The Ronalds planned to build a seven-story condominium complex on the 1.34-acre slip of land, but the council voted in 1995 to condemn the site to save the view of the Spokane River falls from the downtown library.
After a six-day trial last April, jurors decided the Ronalds’ land was worth $2.184 million - nearly 50 times the value set by one appraiser hired by the city.
The council debated walking away from the condemnation, saying the city couldn’t afford it. Instead, the city appealed the jury’s ruling.
The $1.9 million settlement figure is about $300,000 less than the jurors’ price tag - but several times more than the $125,000 the Ronalds paid for the land in 1986.
Money to pay the settlement will come from the budgets of the Parks and Recreation Department, city libraries and the arterial street fund. Services in those departments are not expected to be curtailed as a result of the expenditure.
The couple had vowed last August to stop negotiating with officials about buying the land, but decided against the ultimatum, Maurer said.
The city’s legal staff has unlimited resources, he said. “We were looking at years and years of litigation.”
Colliton said he and Greene spent the past four months meeting with the Ronalds and Maurer in hopes of reaching a settlement.
“Our risk of a much greater figure if we went to trial … well, we could have been looking at a $6 million figure,” Colliton said, referring to the Ronalds’ two outstanding lawsuits against the city.
The Ronalds’ land has been mired in legal trouble for years.
The couple sued the city in 1995, saying officials repeatedly blocked their plans to build on the property.
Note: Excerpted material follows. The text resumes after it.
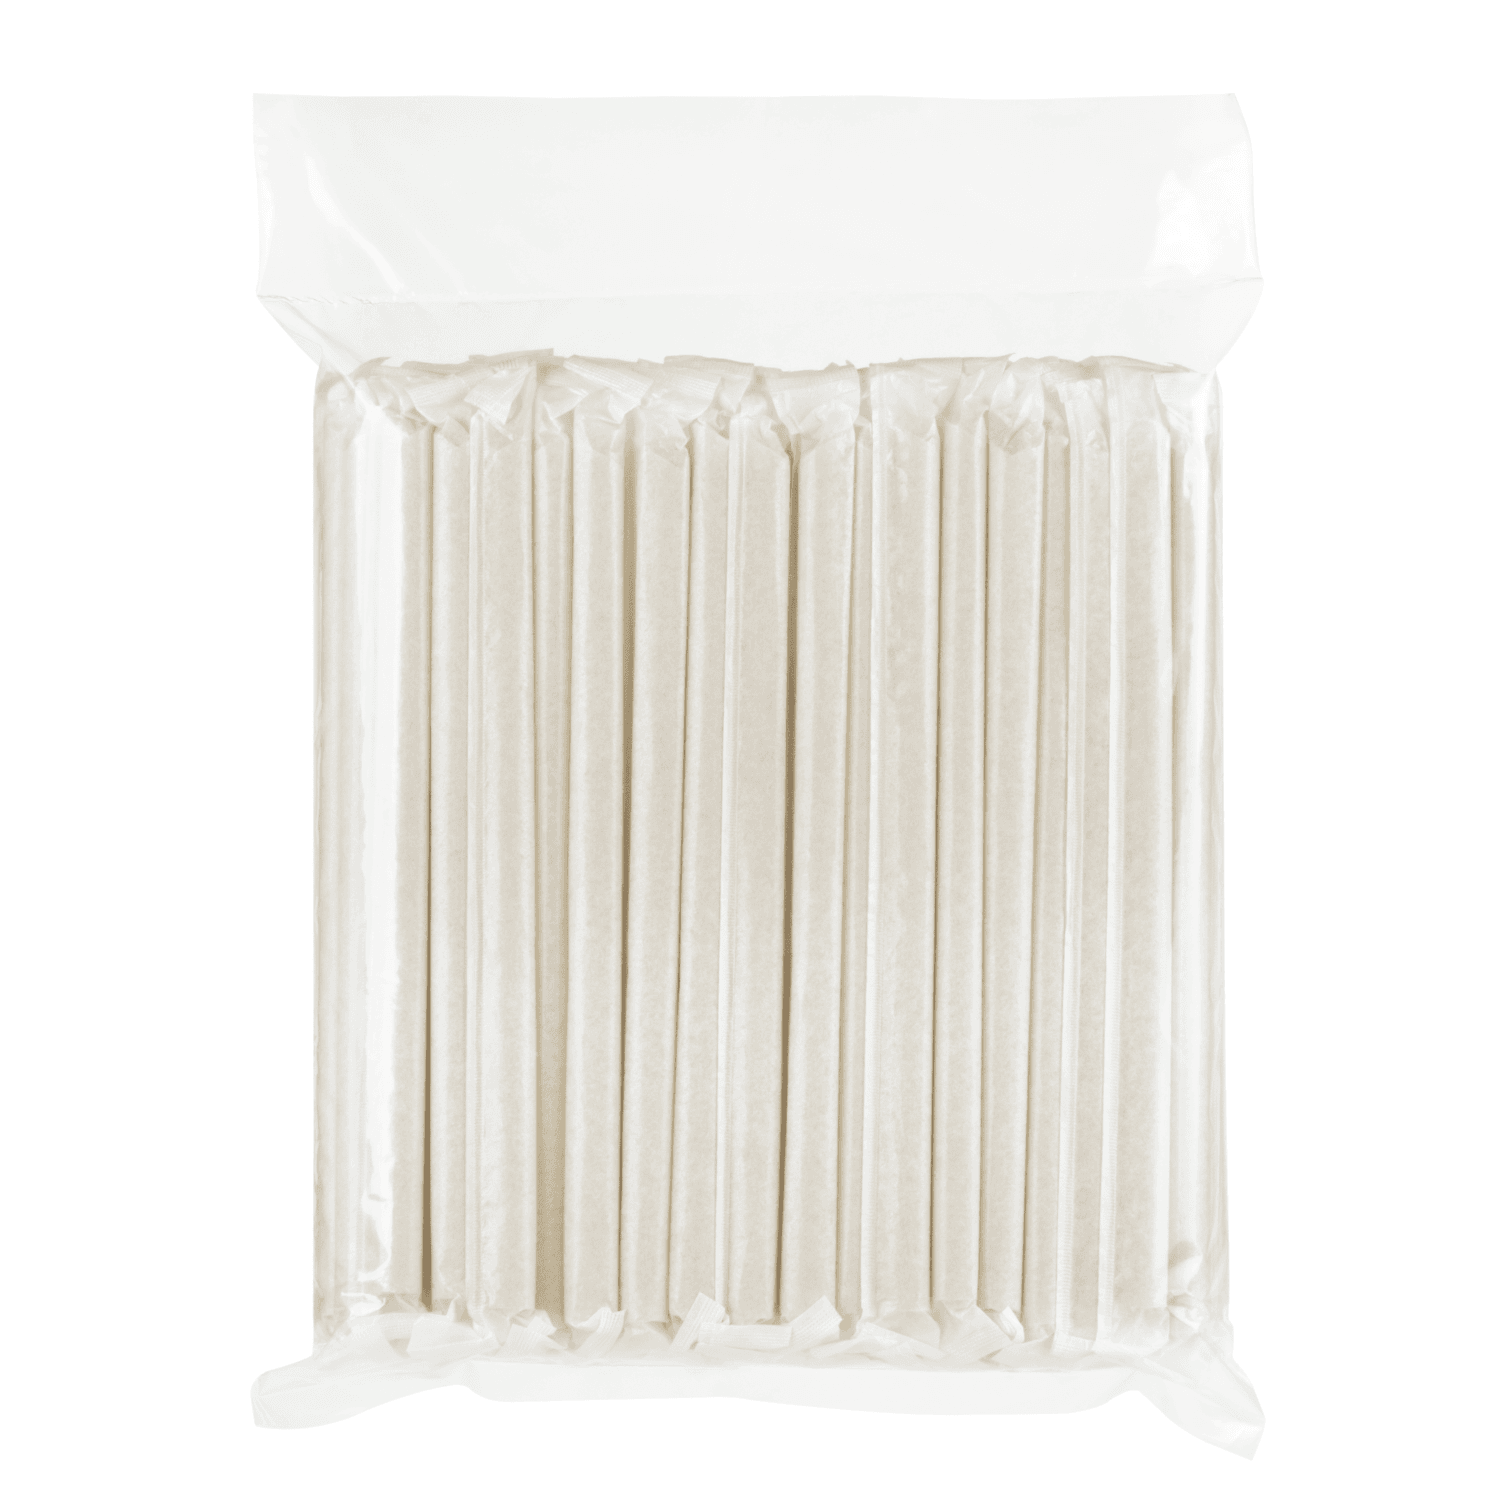 Karat Earth 9" Diagonal Cut Bamboo Fiber Colossal Straws (12mm) Paper Wrappep, Natural - Bag of 80 pcs

That lawsuit was scheduled to go to trial next month.
In 1996, the city made buying the land a condition of a settlement agreement with attorney Steve Eugster. Eugster sued to stop the Lincoln Street bridge from being built, but dropped the case when the city agreed to buy the Ronalds’ land to protect open space near the bridge.
Earlier this year, the couple sued again, this time alleging the city “inversely condemned” their land by promising Eugster they’d buy it.